A number of Shirley seniors visit the Groton center, said Campbell. In addition to tapping her experience, the group can use Groton’s successful program as a model as it maps out plans to establish a senior center in town.

The plans for the senior center include groundwork so far. A recent tour of possible sites, for example, ruled out a room at the library. Although the room was reputedly set aside for the purpose when the new building was constructed, the group agreed it’s since segued to other uses and won’t work as a senior center.

The Center School, on the other hand, might work out fine. In its favor are a central location in the town’s historic district, ample parking and handicapped access.

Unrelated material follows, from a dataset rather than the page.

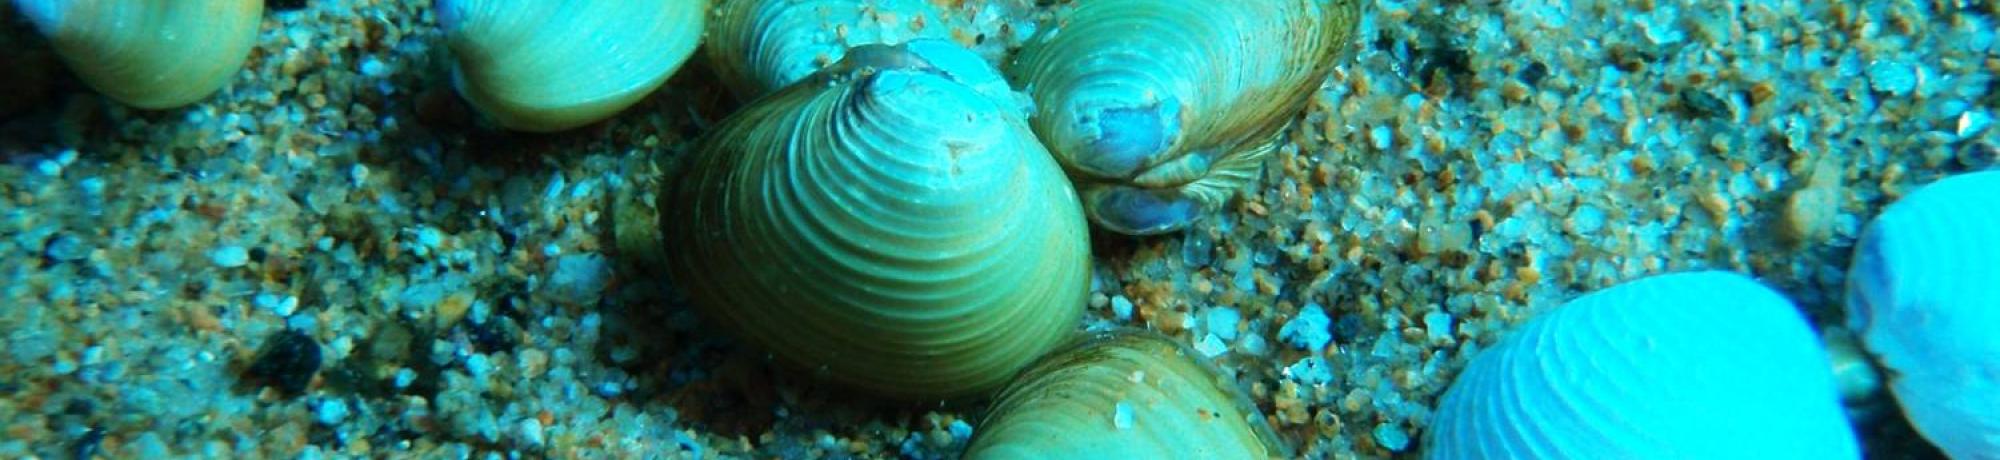 Asian clams underwater

The old building has been kept up, too, with several major upgrades and repairs in recent years. It was used to house a couple of preschool and kindergarten classes until this year, when it was mothballed to save money.

The School Department has jurisdiction, so the superintendent would have to OK its alternative use. If it makes the final cut, the COA said it may host a tour of the building that can be filmed for the cable access TV channel.

Another option is to build new on a site behind the police station.

That would take money, but as Frank Esielionis noted at a previous Board of Selectmen’s meeting, there’s $250,000 in MCI funds earmarked to build a senior center.

Selectmen Chairman Leonardo “Chip” Guercio said the money’s still there.

But that could change as the board keeps “dipping into” that account to pay town bills, said Selectman Enrico Cappucci.

A more pressing need is to hire a COA director, the first item to be addressed at the April 16 event. The $40,000 price tag covers a full-time salary plus benefits.

That brought up a quandary: Which should come first, the position or a center?

COA members had favored the latter, but Guercio steered them toward the former, said Towne. The director would have a desk at the Town Offices until a permanent headquarters could be set up, she said.

Board members stressed that the green light for both initiatives must come from the town’s seniors. That’s why they’re into outreach and coop efforts. Part of that is forging friendly links with the Golden Age organization, they said. COA members were encouraged to join the other group as a first step in that direction.

Next comes the April 16 event. Refreshments will be served. Transportation, if needed, will be provided.